Timekeepers.1.9.

Chapter Nine: And Then Rain Walked Around For What Feels Like Ever and Apparently is Just Cold and Sad

Rain left those first people the next morning. He didn’t really know why. He didn’t want to go back up the mountain, he supposed. They did. He walked on, and so did they. 

“See you in the next life,” Pilar had said, hugging him. He took the hug, wondering at her words. He wasn’t quite sure what they meant. He didn’t know what most of their words had meant, to be honest. They felt familiar; but when he thought about any one specific utterance, he was left with nothing. 

The sun was bright in the sky, and about halfway done with its day. Rain closed his eyes, breathing in the wet air. The sun wasn’t usually so bright, in this new place. It felt nice. It felt quiet. He felt like the world was finally still enough. Enough for what, he didn’t know. To think, perhaps. To be. To breathe. 

Rain kept walking and the world kept expanding. The mountain shrank behind him, purple and low to the ground. Roads and rocks unrolled before him. He hadn’t initially known what they were. The roads, not the rocks. But they were similar enough to the goat trails, and he got the gist. 

He passed more people. He would see them from a distance, and he would smile. He would walk faster, not paying attention. Not realizing that he was walking faster. 

“Hello,” he would shout, grinning, hurrying forward. And then he would see the faces. And they never were Short Mother or Tall Mother, or baby Sila. He knew that they wouldn’t be, there at the surface of his mind. But the deeper bits of him had trouble remembering what he knew. He would walk past the people, slowly. Frowning, trying to remember. He was, and his mothers, his sisters, his brothers, were not. And they were not here, most of all. 

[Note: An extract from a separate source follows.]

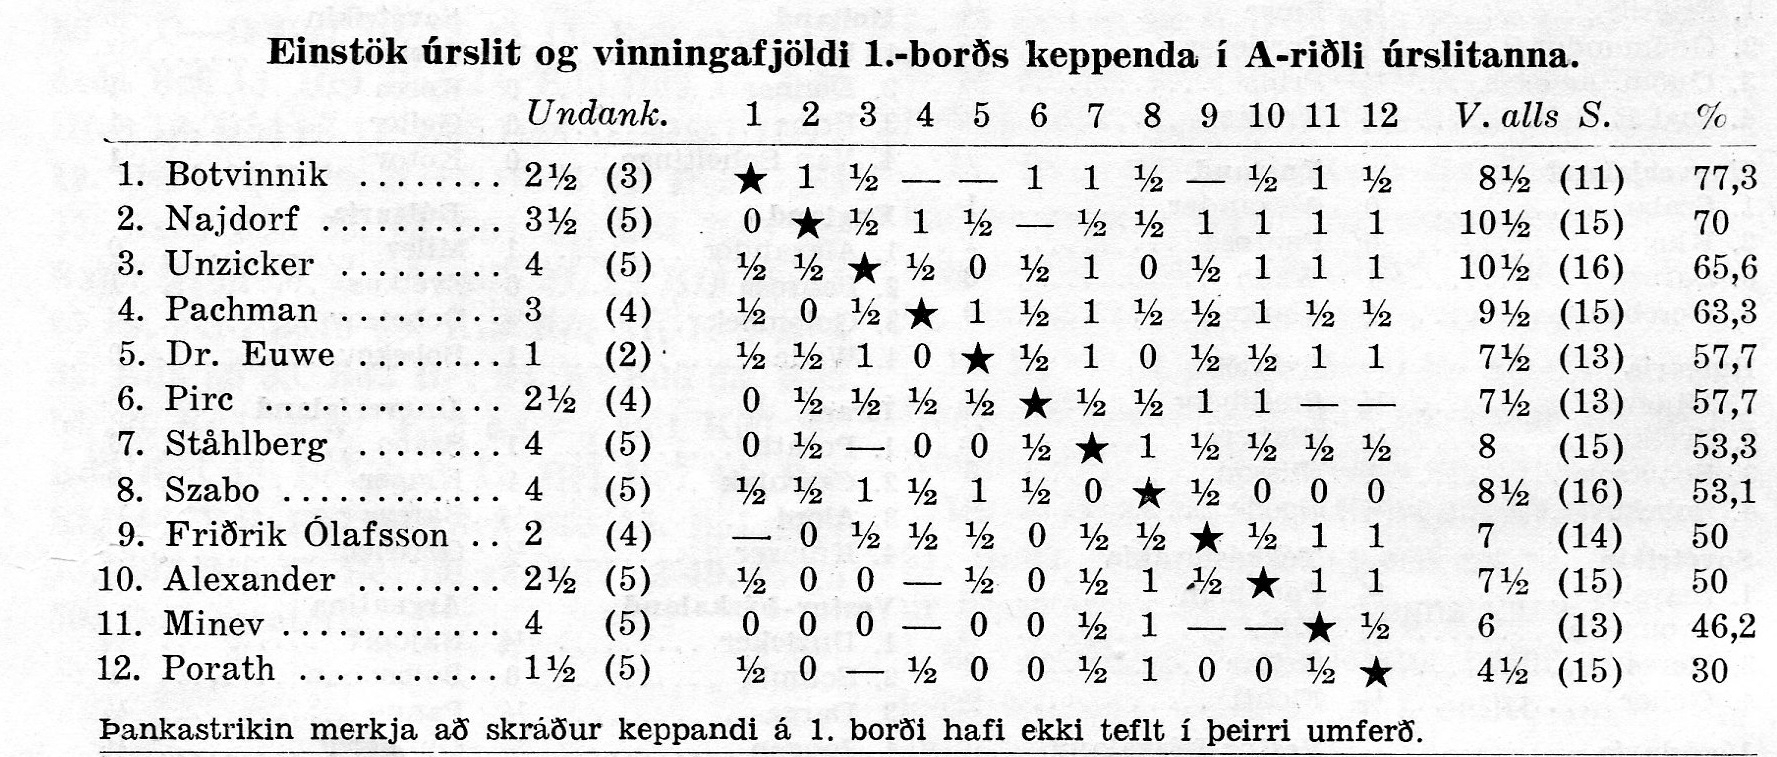 1954 Ólympíumótið - árangur 1. borðs manna

He passed more people, and a cycle established itself: first, there was the nothing. Just him, his feet, and the drowned roads. Then there was the anticipation, as he saw a new speck, small but growing, there at the edge of the world. Then the joy, the skipping and stumbling. Then recognition. Or rather, a lack thereof. Then the sharp, sudden loneliness. Then, nothing again. These cycles got smaller the further he got from the mountaintop. He didn’t feel them as intensely. Because, after a while, the faces were just faces. He couldn’t remember what it was that they were not. After a few days, he couldn’t remember Short Mother’s face, or Tall Mother’s, and certainly not baby Sila’s. He just knew that these new faces weren’t them.

Eight days after the garden Rain reached the end of the earth. Black-blue water fanned out in front of him, surprisingly calm. It was raining. 

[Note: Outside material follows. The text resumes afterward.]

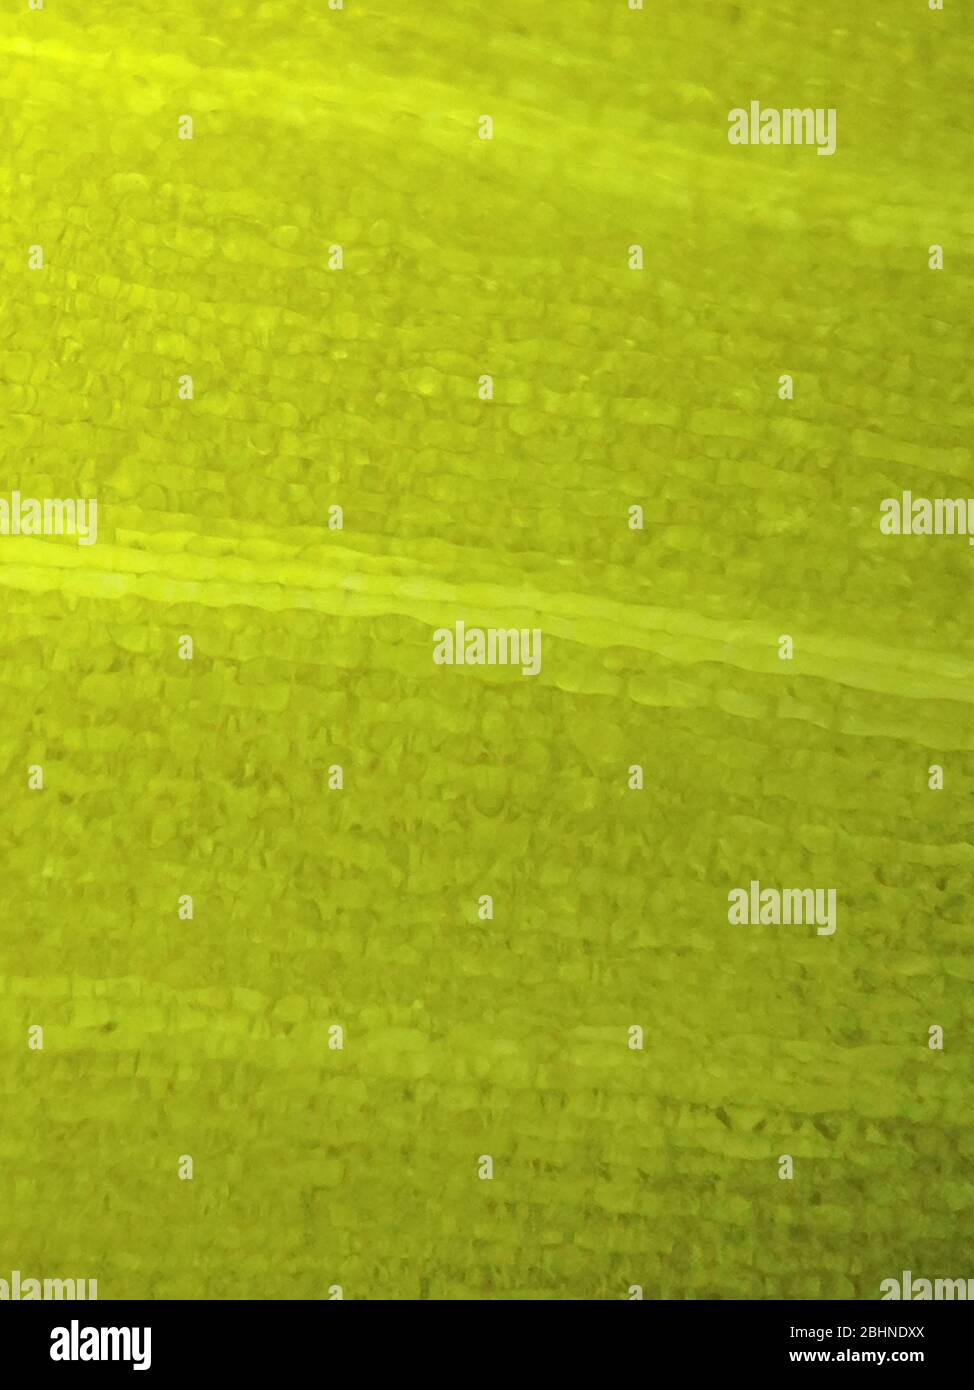 vue microscopique de la surface de la lame montrant les cellules végétales Banque D'Images

“Well,” he said, pushing some of the water around with his toe. It wasn’t any colder than the rest of this place. He turned around, studying the world he had come from. He hadn’t been able to see the mountain in days. The sky was too bent over everything for him to see much of anything, truth be told. 

“Well, I’m not going back,” he said, turning again to the water. He was sure it wouldn’t go on for ever, either. He thought he could make out something there, in the distance, rising up out of the black-blue expanse. 

“It’ll be fine,” he said, wading into the water. And if it’s not, he thought, at least I won’t be able to remember why. He sighed, wondering whether he should cry. No tears came, though. He dove into the waves.